Reading happens in much the same way as writing, except we must provide buffers sufficient to hold the data being read. First, open the array for reading:

Context ctx;
Array array(ctx, array_name, TILEDB_READ);

Next, specify the subarray in terms of (min, max) values on each dimension. Also define the buffer that will hold the result, making sure that it has enough space (six elements here, as the result of the subarray will be six integers). Proper result buffer allocation is an important topic that is covered in detail in later tutorials.

const std::vector<int> subarray = {1, 2, 2, 4};
std::vector<int> data(6);

Then, we set up and submit a query object, and close the array, similarly to writes.

Query query(ctx, array);
query.set_subarray(subarray)
     .set_layout(TILEDB_ROW_MAJOR)
     .set_buffer("a", data);
query.submit();
array.close();

Python

Reading happens in much the same way as writing, simply specifying a different mode when opening the array:

with tiledb.DenseArray(array_name, mode='r') as A:
    # Slice only rows 1, 2 and cols 2, 3, 4.
    data = A[1:3, 2:5]
    print(data["a"])

Again by default the Python API issues the read query in row-major layout.

The row-major layout here means that the cells will be returned in row-major order within the subarray [1,2], [2,4] (more information on cell layouts is covered in later tutorials).

Now data holds the result cell values on attribute a.
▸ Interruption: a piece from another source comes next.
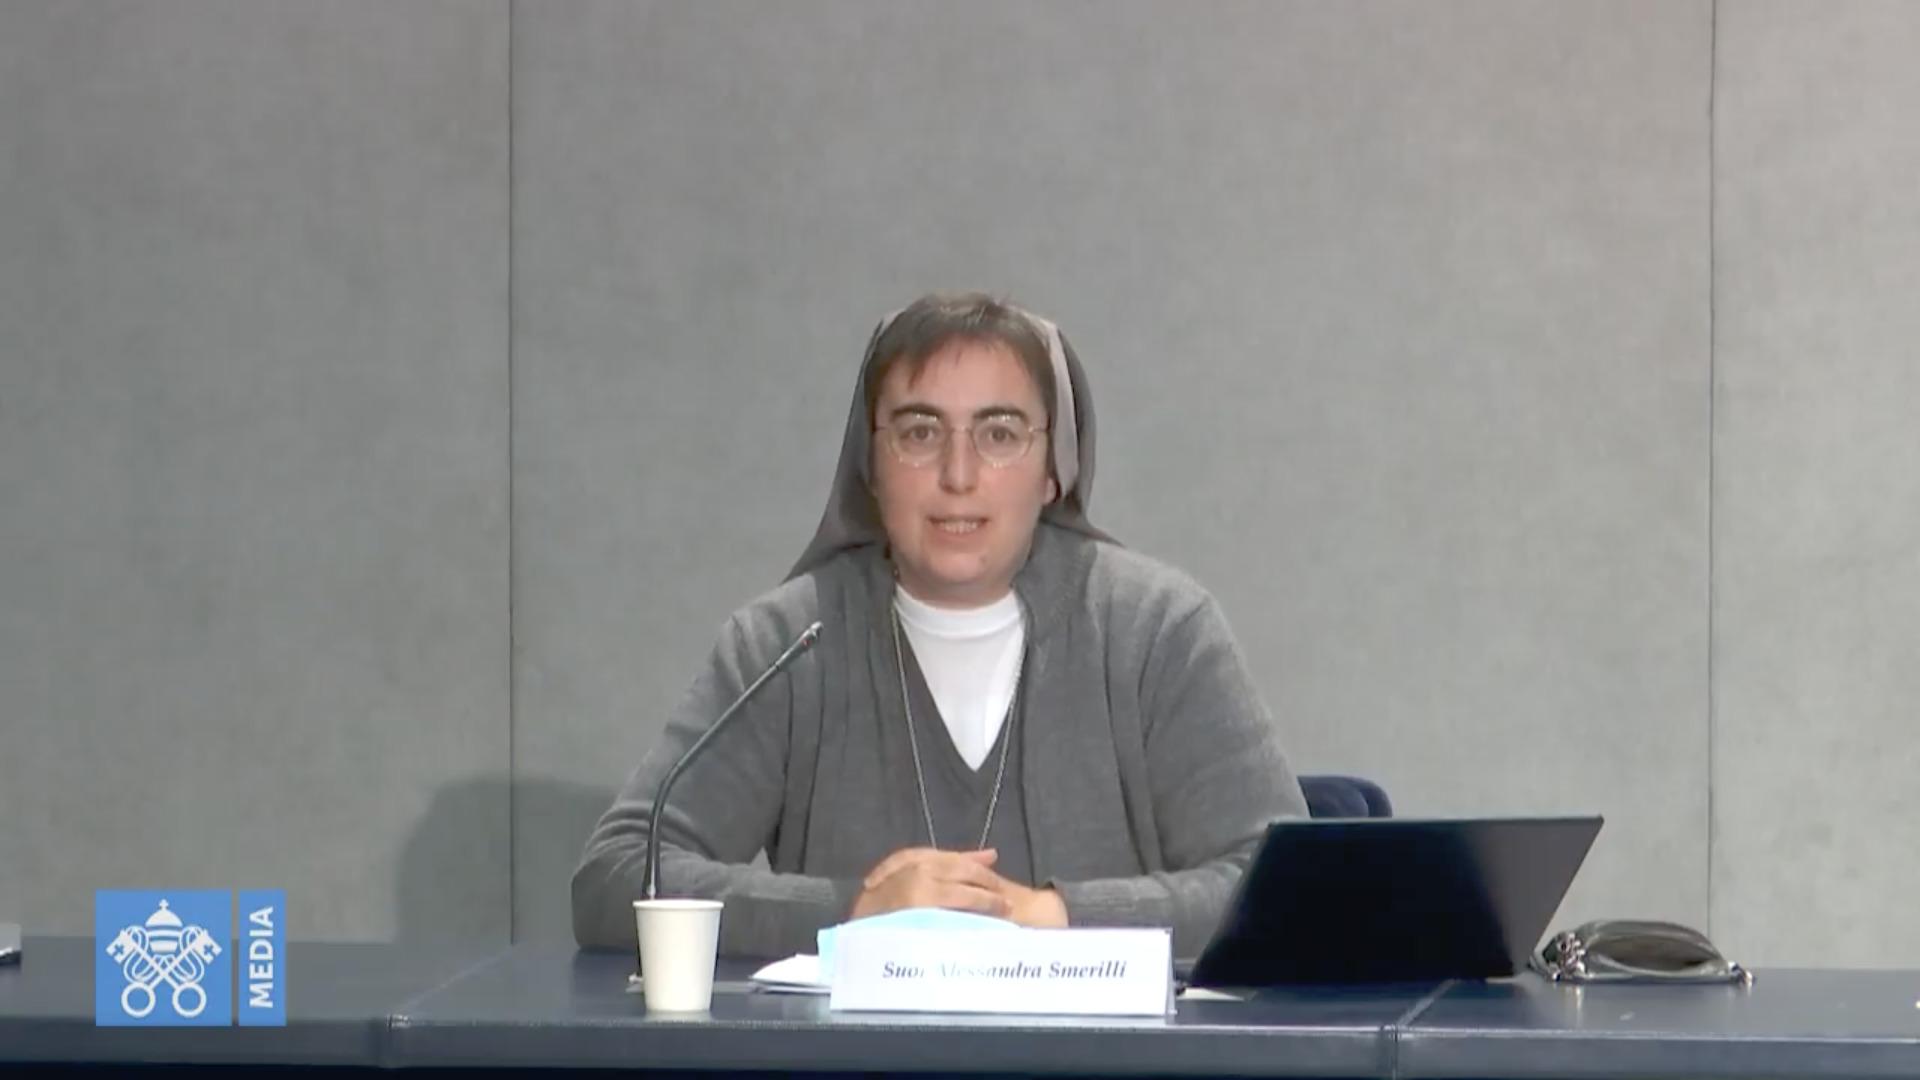 Sr Alessandra Smerilli, capture @ Vatican Media
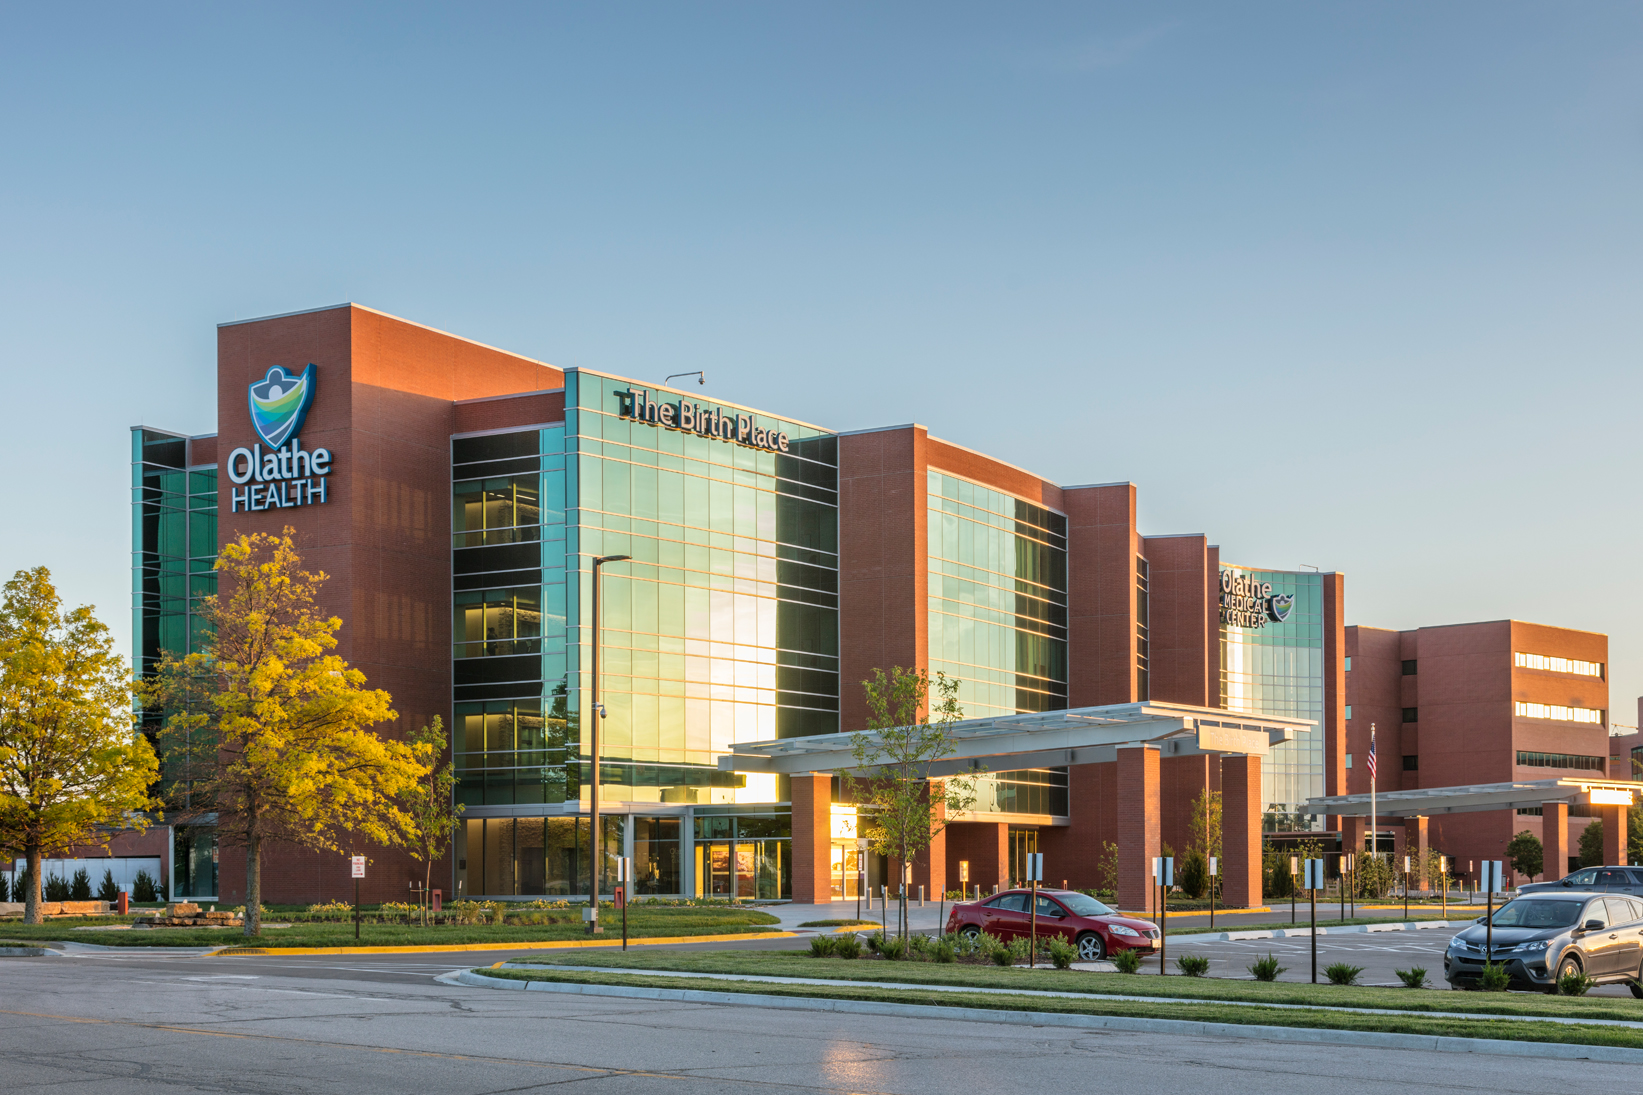 The birth place at olathe medical center architect magazine hmn architects inc olathe ks for American exteriors kc

If you compile and run the example of this tutorial as shown below, you should see the following output:

C++

$ g++ -std=c++11 quickstart_dense.cc -o quickstart_dense -ltiledb
$ ./quickstart_dense
2 3 4 6 7 8

Python

$ python quickstart_dense.py
[[2 3 4]
 [6 7 8]]

On-disk structure

A TileDB array is stored on disk as a directory with the name given at the time of array creation. If we look into the array on disk after it has been written to, we will see something like the following

$ ls -l quickstart_dense_array/
total 8
drwx------  4 stavros  staff  128 Jun 25 15:18 __1561490302161_1561490302161_15bab0281e2e44f2a803eb6f3001ed00
-rwx------  1 stavros  staff  149 Jun 25 15:18 __array_schema.tdb
-rwx------  1 stavros  staff    0 Jun 25 15:18 __lock.tdb

The array directory and files __array_schema.tdb and __lock.tdb were written upon array creation, whereas subdirectory __1561490302161_1561490302161_15bab0281e2e44f2a803eb6f3001ed00 was created after array writting. This subdirectory, called fragment, contains the written cell values for attribute a in file a.tdb, along with associated metadata:

$ ls -l quickstart_dense_array/__1561490302161_1561490302161_15bab0281e2e44f2a803eb6f3001ed00/
total 16
-rwx------  1 stavros  staff  602 Jun 25 15:18 __fragment_metadata.tdb
-rwx------  1 stavros  staff   84 Jun 25 15:18 a.tdb

The TileDB array hierarchy on disk and more details about fragments are discussed in later tutorials.